Malaysian politician

Ahmad bin Awang is a Malaysian politician and religious leader from the National Trust Party (AMANAH), a component party of Pakatan Harapan (PH). He was a member of the Pan-Malaysian Islamic Party (PAS), then a component party of the Barisan Alternatif (BA) and Pakatan Rakyat (PR) opposition coalitions, before leaving the party after being defeated in the 2015 PAS Muktamar. At the party level, he is the current General Advisor of the National Trust Party.

==Education==
After four years of studying in a Malay school, he started religious studies at Maahad Al-Ehya Al Shariff, Gunung Semanggol starting from primary level up to upper secondary level (Thanawi Rabi'). At the time, this school was not only famous as an educational center, but also as an institution of the Islamic movement in the struggle for independence which was feared by British colonialists. Many of the freedom fighters who were arrested by the British colonialists were graduates of this institution.

Ahmad Awang would go on to complete his higher education at Malayan Islamic College. Soon after, he continued his studies in the field of Islamic law at Al-Azhar University, Egypt. He then obtained a Master's Degree in addition to a Diploma in Education from the same university.

Ahmad Awang began his service in the field of education as a teacher of religion at St. David's High School, Malacca before continuing his education at Egypt in 1963 with a Ministry of Education scholarship. After graduating from Al-Azhar University, Ahmad Awang soon worked again as a teacher at SMK Aminuddin Baki, Kuala Lumpur.

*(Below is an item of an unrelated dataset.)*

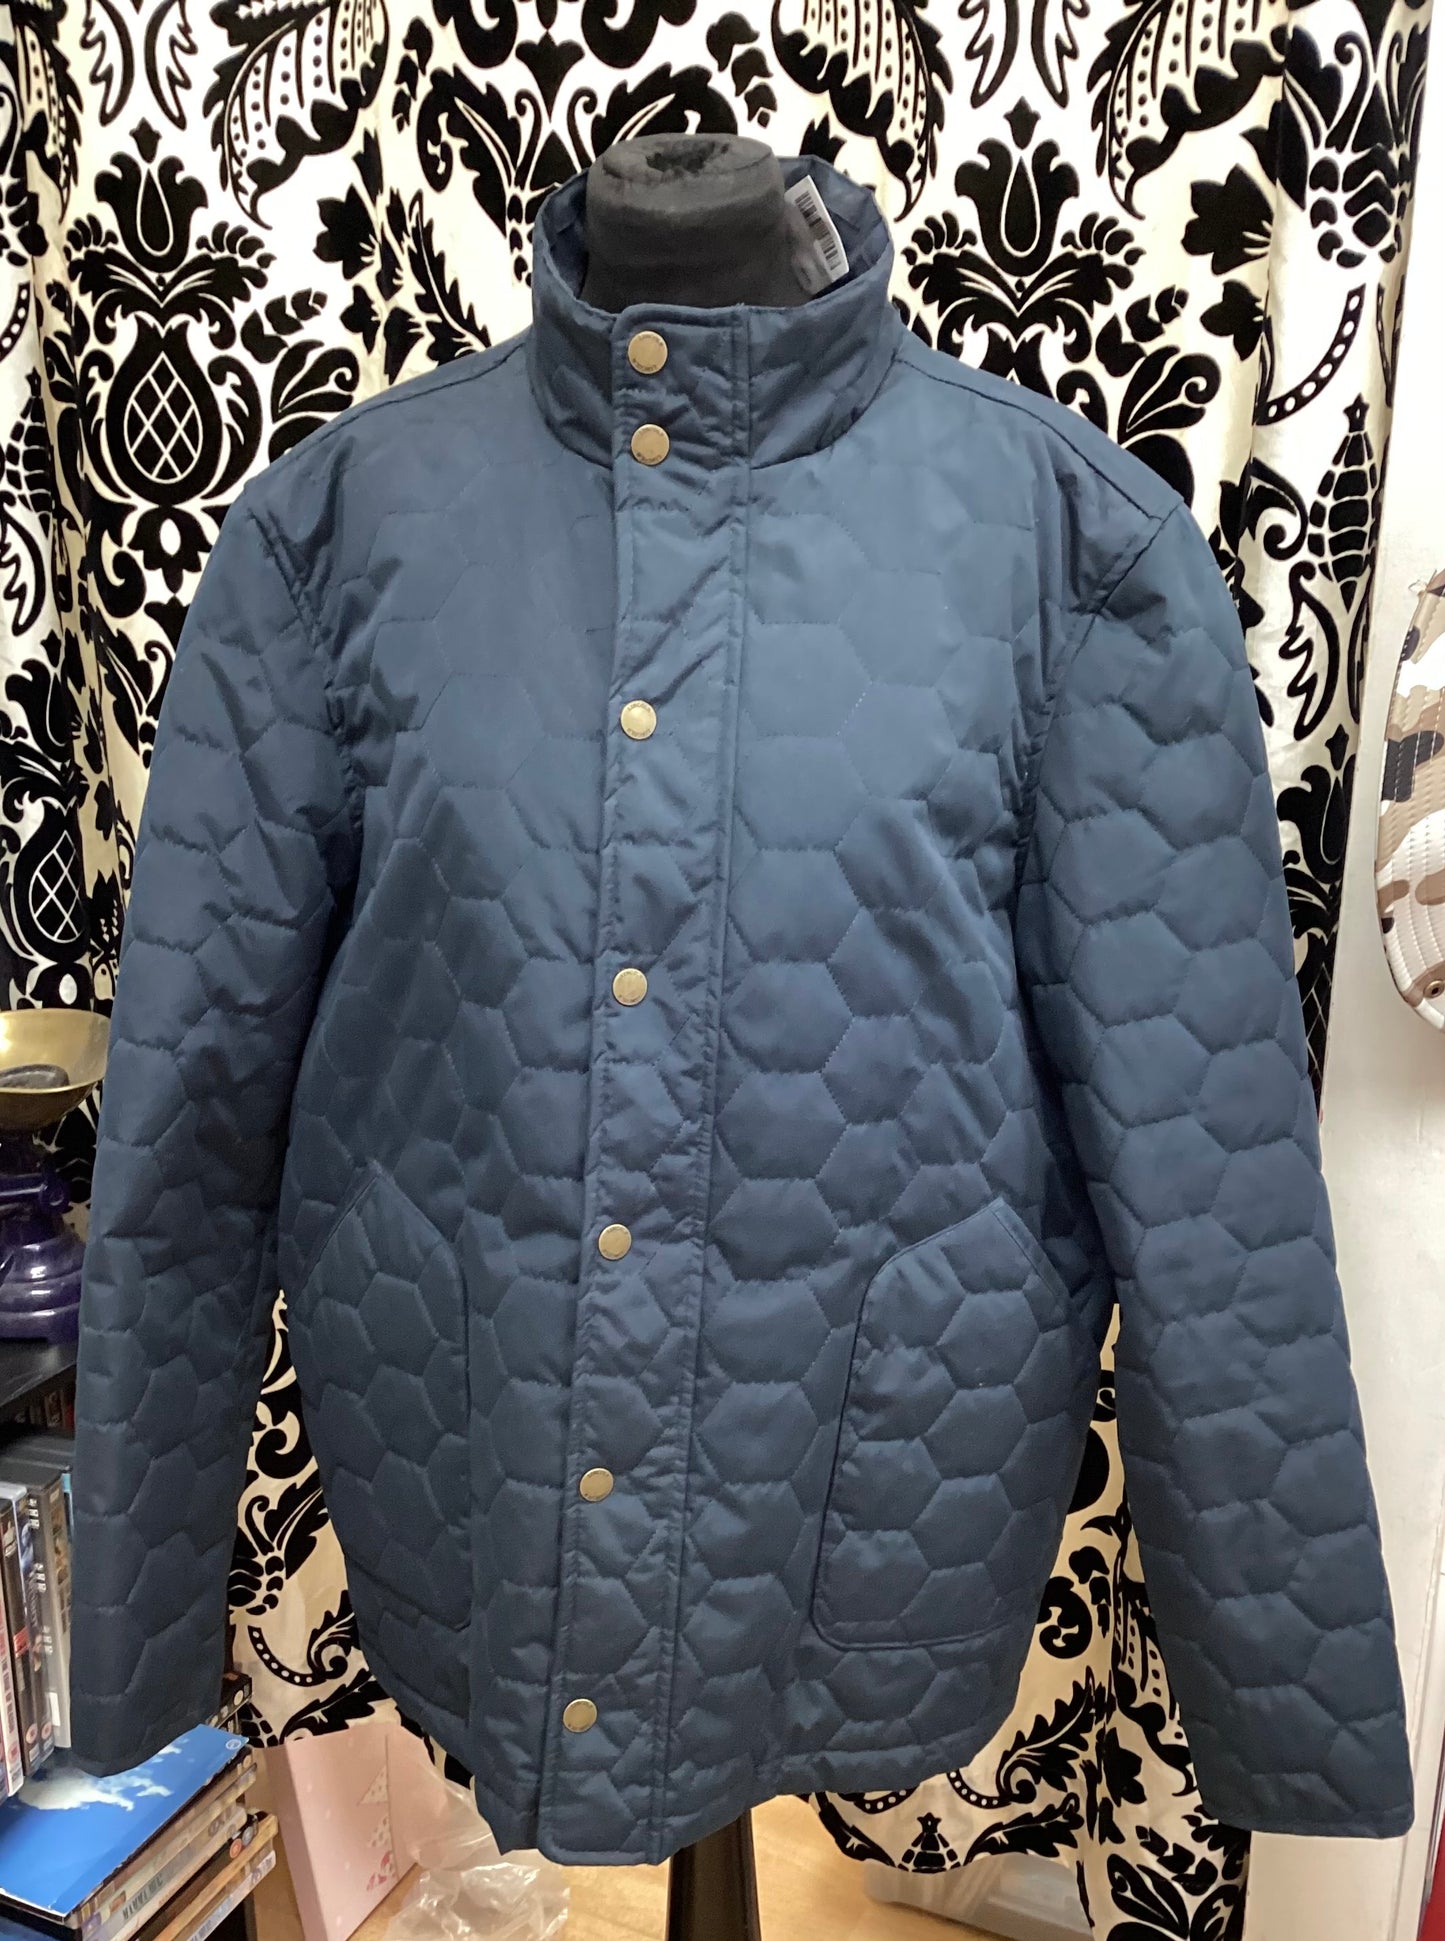 Lincoln Large Men’s Quilted Navy Blue Coat

He would go on to serve at the Ministry of National and Rural Development as an Adult Religious Planning Officer. Later, he worked as a lecturer in Islamic education at Universiti Teknologi Malaysia, Kuala Lumpur.

When the Religion Division in the Prime Minister's Department (JPM) was established in 1974, he was appointed as the Director of Dakwah and Islamic Training, after which he was transferred to the Ministry of Education in 1980 and returned to the JPM's Religion Division, now known as JAKIM, as the Director of Da'wah and Islamic Training and finally became the Director of the Islamic Research Center until his retirement in 1991.

==Organization==
In addition to carrying out official duties in government service, Ahmad Awang actively participates in and leads NGO organizations in various fields, especially in the field of preaching and education. Among them, he led the leadership of Persatuan Ulama Malaysia for about 17 years, and the Selangor and Federal Territories Islamic Appeal Federation for over 20 years. Other organizations that he has led are the Middle East Islamic Former Students Association, the Maahad Al-Ehya' Ash-Shariff Gunung Semanggol Former Students Association and the Malayan Islamic College Student Association.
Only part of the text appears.